Accordingly, it is an object of the present invention to provide an electrostatic capacity type encoder which enables the device to be designed to be smaller, simpler and cheaper to produce, less sensitive to vibration and shock, and less sensitive to electrical noise.
BRIEF DESCRIPTION OF THE DRAWINGS The present invention will be described by way of exemplary embodiments, but not limitations, illustrated in the accompanying drawings in which like references denote similar elements, and in which:
FIG. 1 illustrates the main components of a single channel rotary encoder made according to the present invention.
FIG. 2 illustrates the capacitive elements of a linear encoder in further details.
FIGS. 3a-3b illustrates the side view and the signal waveforms of the encoder of FIG. 2, fitted with a square wave modulated rotor in one primary position.
FIGS. 4a-4c illustrates the side view and the signal waveforms of the encoder of FIG. 2 where the square wave modulated rotor is in another primary positions. Also illustrated is a side view of a sensor with a sine wave modulated rotor.
FIGS. 5a-5b illustrates top and side view of a fine/coarse rotary encoder with two receive channels.
FIGS. 6a-6b illustrates a fine/coarse linear encoder, with options of one or two receive channels.
FIG. 7 illustrates the receiver section of a three channels enhancement to the encoder presented in FIG. 6.
FIG. 8 illustrates an interlaced, space saving, alternative to the two channel encoder presented in FIG. 6 with two exemplary rotor options.
FIG. 9 illustrates a rotary implementation of interlaced encoder presented in FIG. 8.
FIGS. 10a-10d illustrates the special embodiment where the second channel is used to detect a single index position, and describe the principle of the “key” autocorrelation matching mechanism.
FIG. 11 illustrates an interlaced, space saving, alternative to FIG. 10.
FIGS. 12a-12b illustrates the principle of a linear reflective sensor that requires only two components.
FIG. 13 illustrates a reflective rotary sensor.
FIGS. 14a-14b illustrates one embodiment of a random frequency excitation generator and the related waveforms.
FIG. 15 illustrates one embodiment of the signal processing units used in the encoder of FIG. 1.
FIG. 16 illustrates one embodiment of the Digital Demodulator Unit core used in the signal processing unit of FIG. 15.

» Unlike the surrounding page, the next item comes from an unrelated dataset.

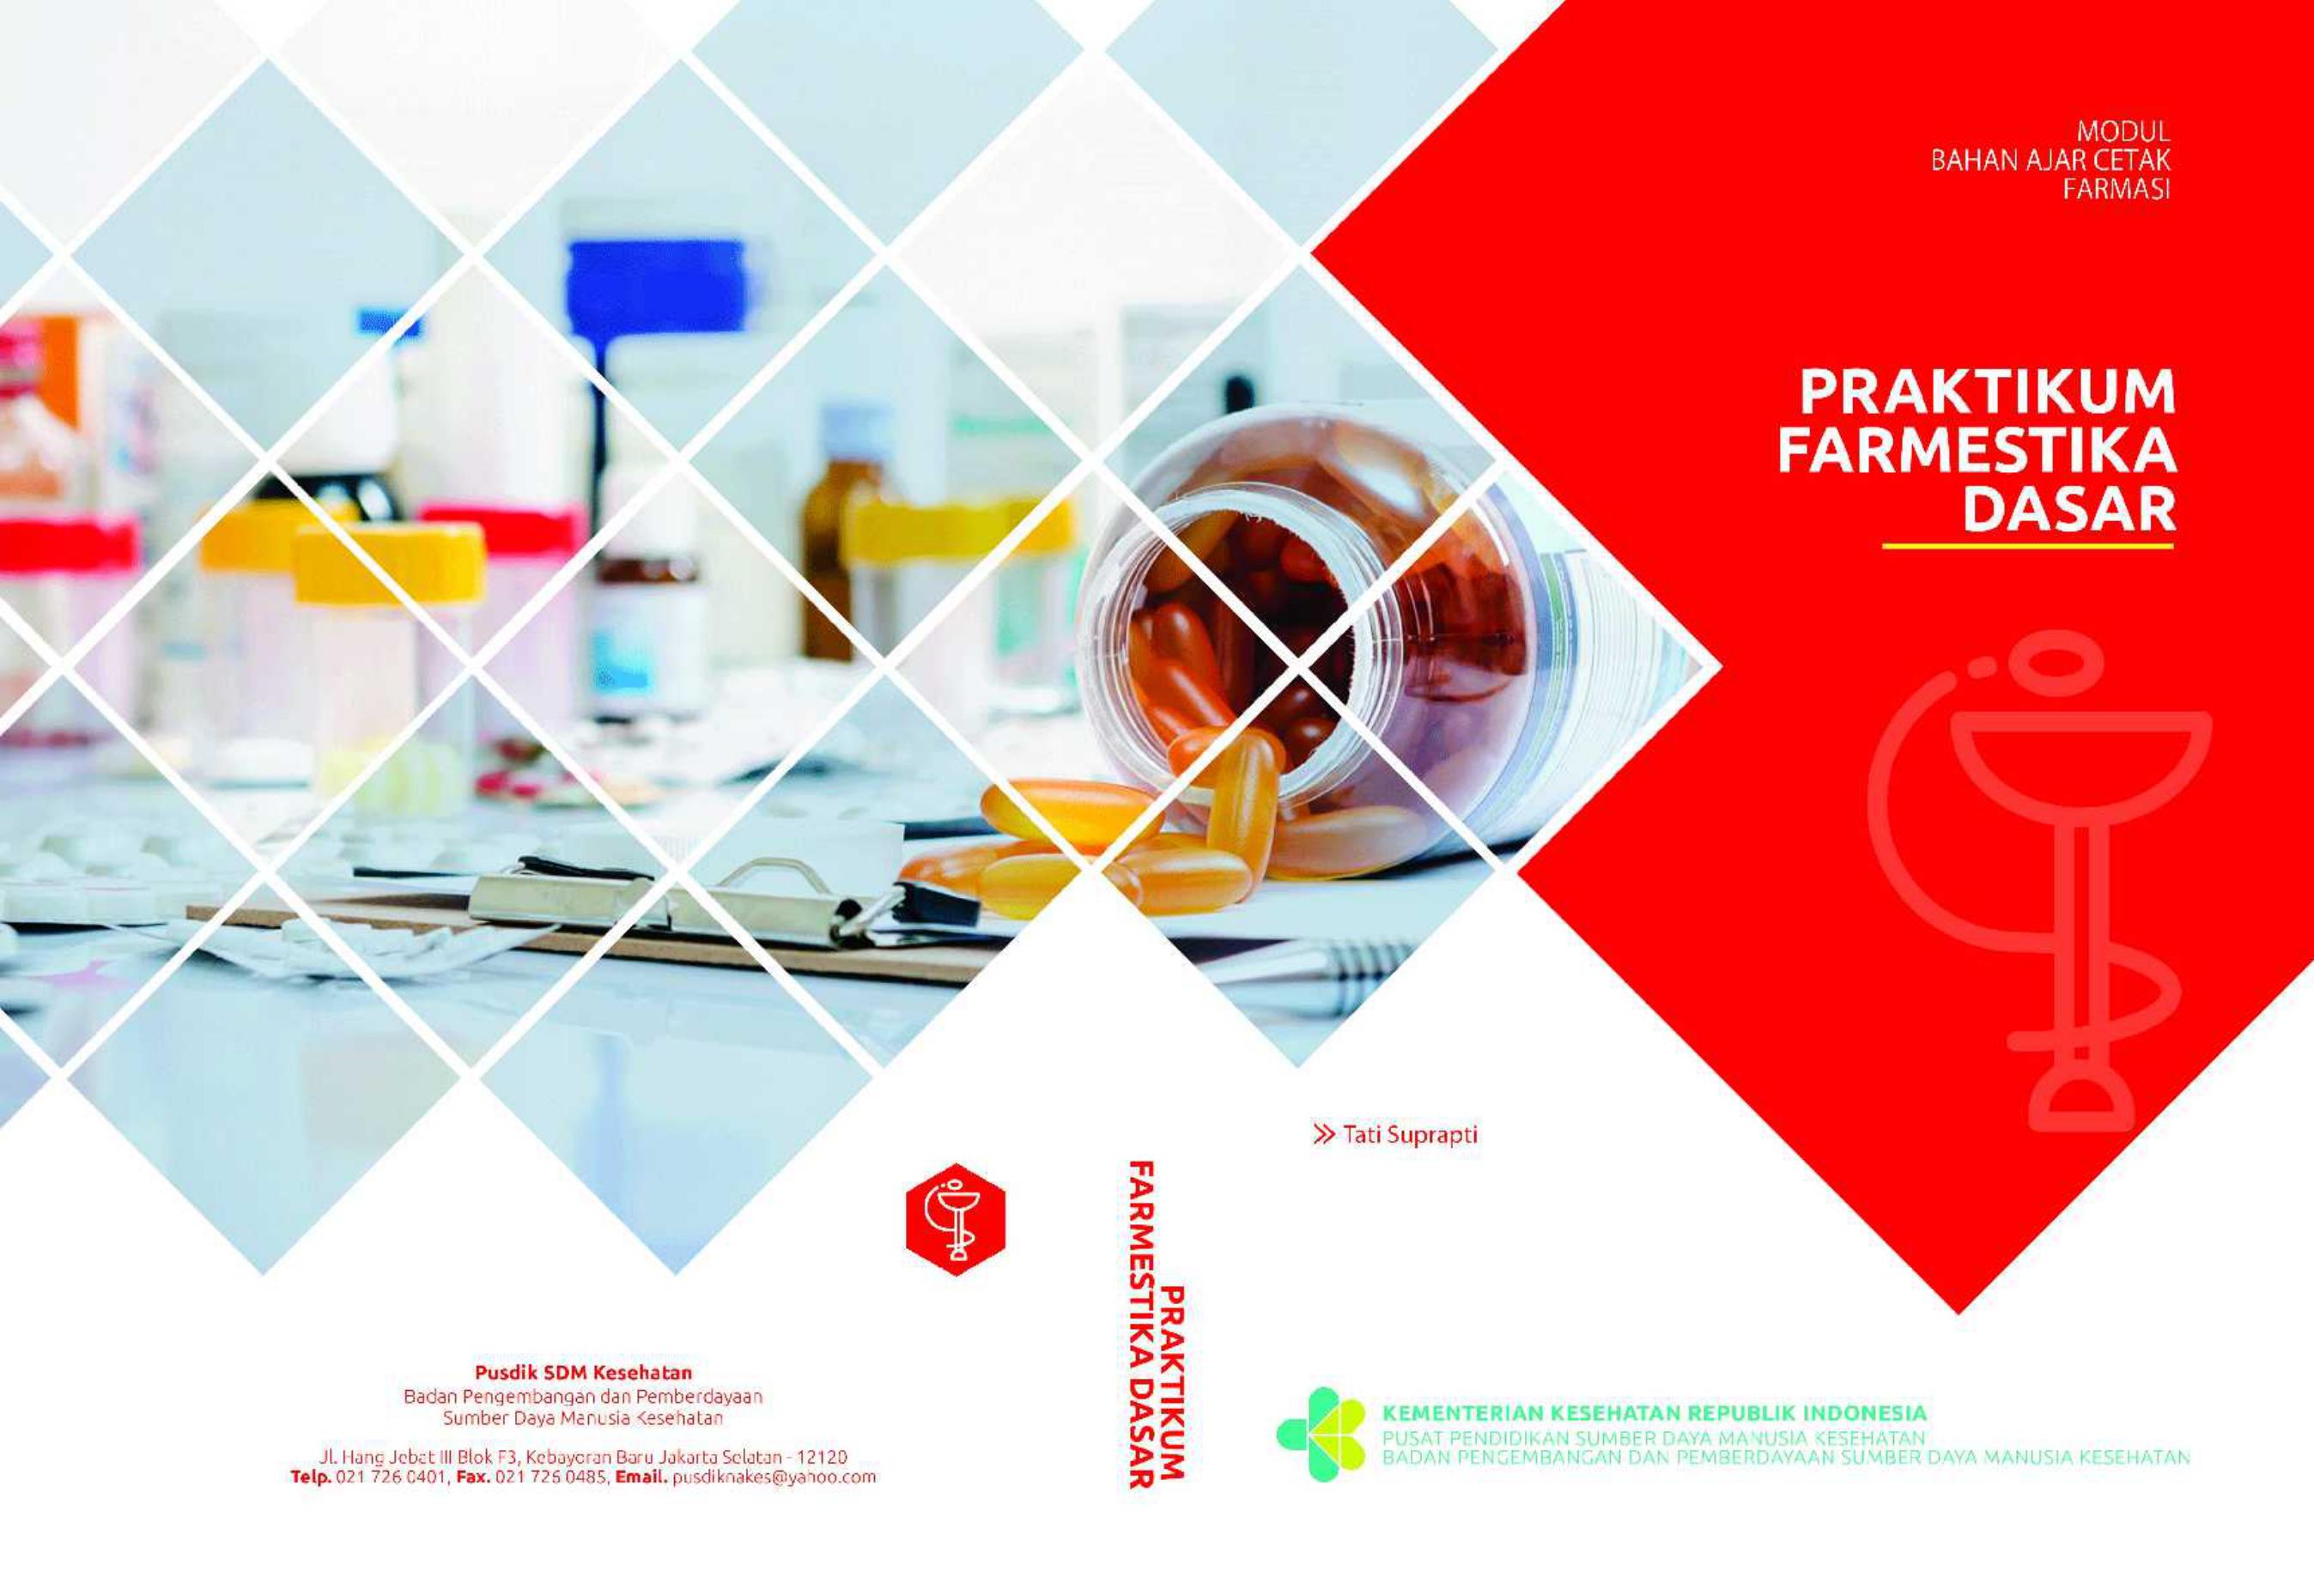 Praktikum Farmestika Dasar Farmasi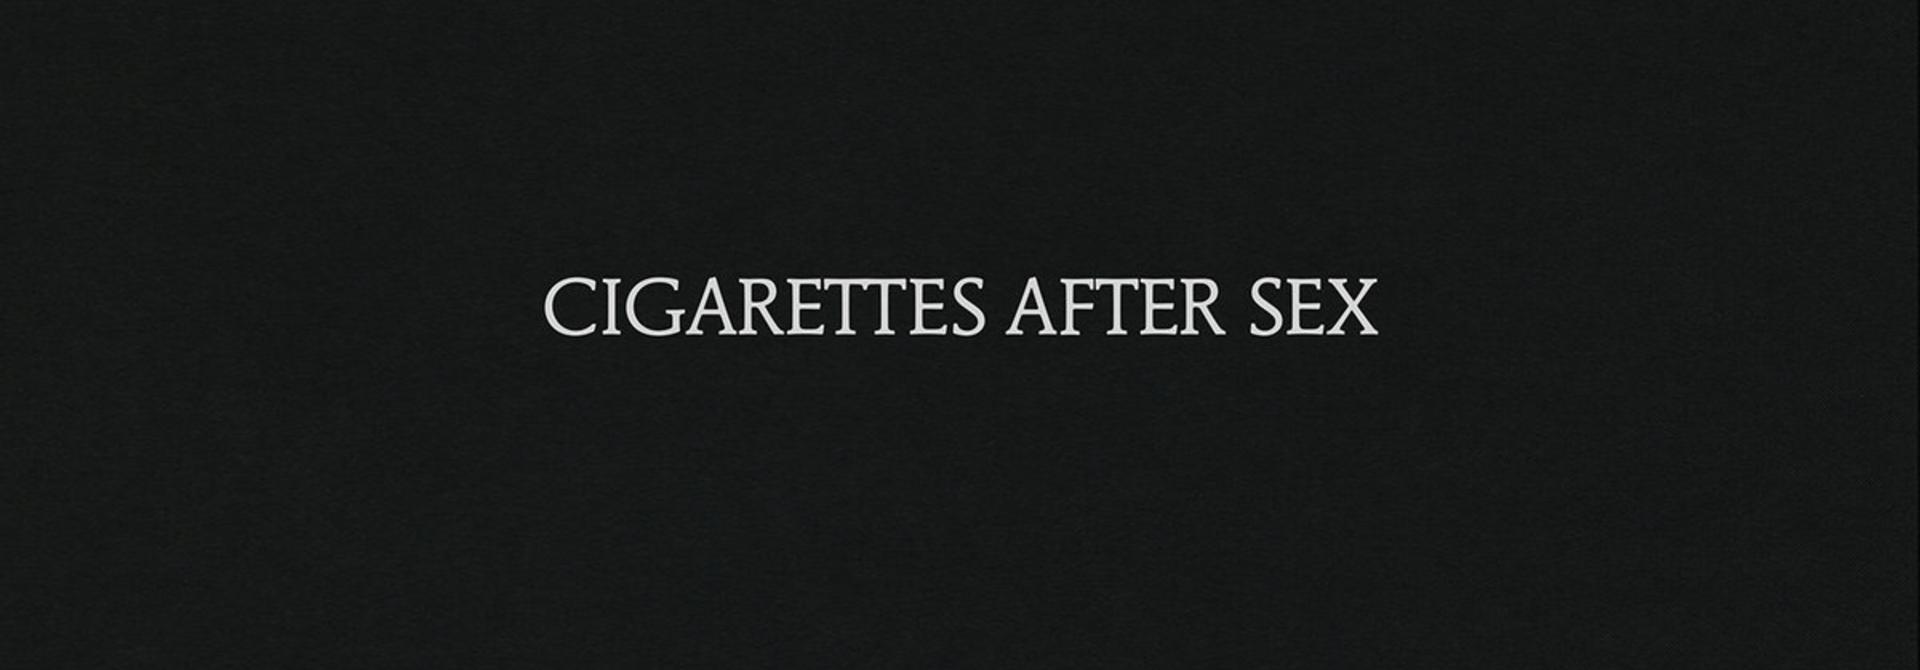 Cigarettes After Sex • Cigarettes After Sex

FIGS. 17a-17b illustrates one embodiment and logic description of a Post Angle Processor unit used in the signal processing unit of FIG. 15.
DETAILED DESCRIPTION OF THE INVENTION In the following description, for purposes of explanation, specific numbers, materials and configurations are set forth in order to provide a thorough understanding of the present invention. However, it will be apparent to one skilled in the art that the present invention may be practiced without the specific details. In other instances, well known features are omitted or simplified in order not to obscure the present invention.
FIG. 1 illustrates the main components of the present invention single channel rotary encoder; where an excitation generator 200 generate two perpendicular square signals 201, 202 to two sets of metal transmit plates 5 printed on a single plane of a Printed Circuit Board [PCB]. Those static transmitter 1 plates, together with a rotating rotor 2 made of dielectric material, and two sets of static receiving plates 9 imprinted on the receiver 3, form the four different variable capacitors, needed to electrically detect the relative position of the rotor and the stators. The differential signal received by the receiver plates 9, is amplified by a differential amplifier 251, and further amplified by externally gain controlled amplifier 260 that provides constant signal levels. Signal Processor unit 250 demodulates the encoder signal 270. The use of a square shaped rotor 2 generate a trapezoid signal 287 at the outputs of the Signal Processor 250, an alternative use of a sine shaped rotor 4 will result with sine and cosine 274, 275 signals as known in the art and described in previous patents. For clarification, every electrical cycle made of a combination of four transmitting plates 13(a), two receiving plates 13(b) and one cycle of the rotor pattern 13(c) is enclosed in dashed section.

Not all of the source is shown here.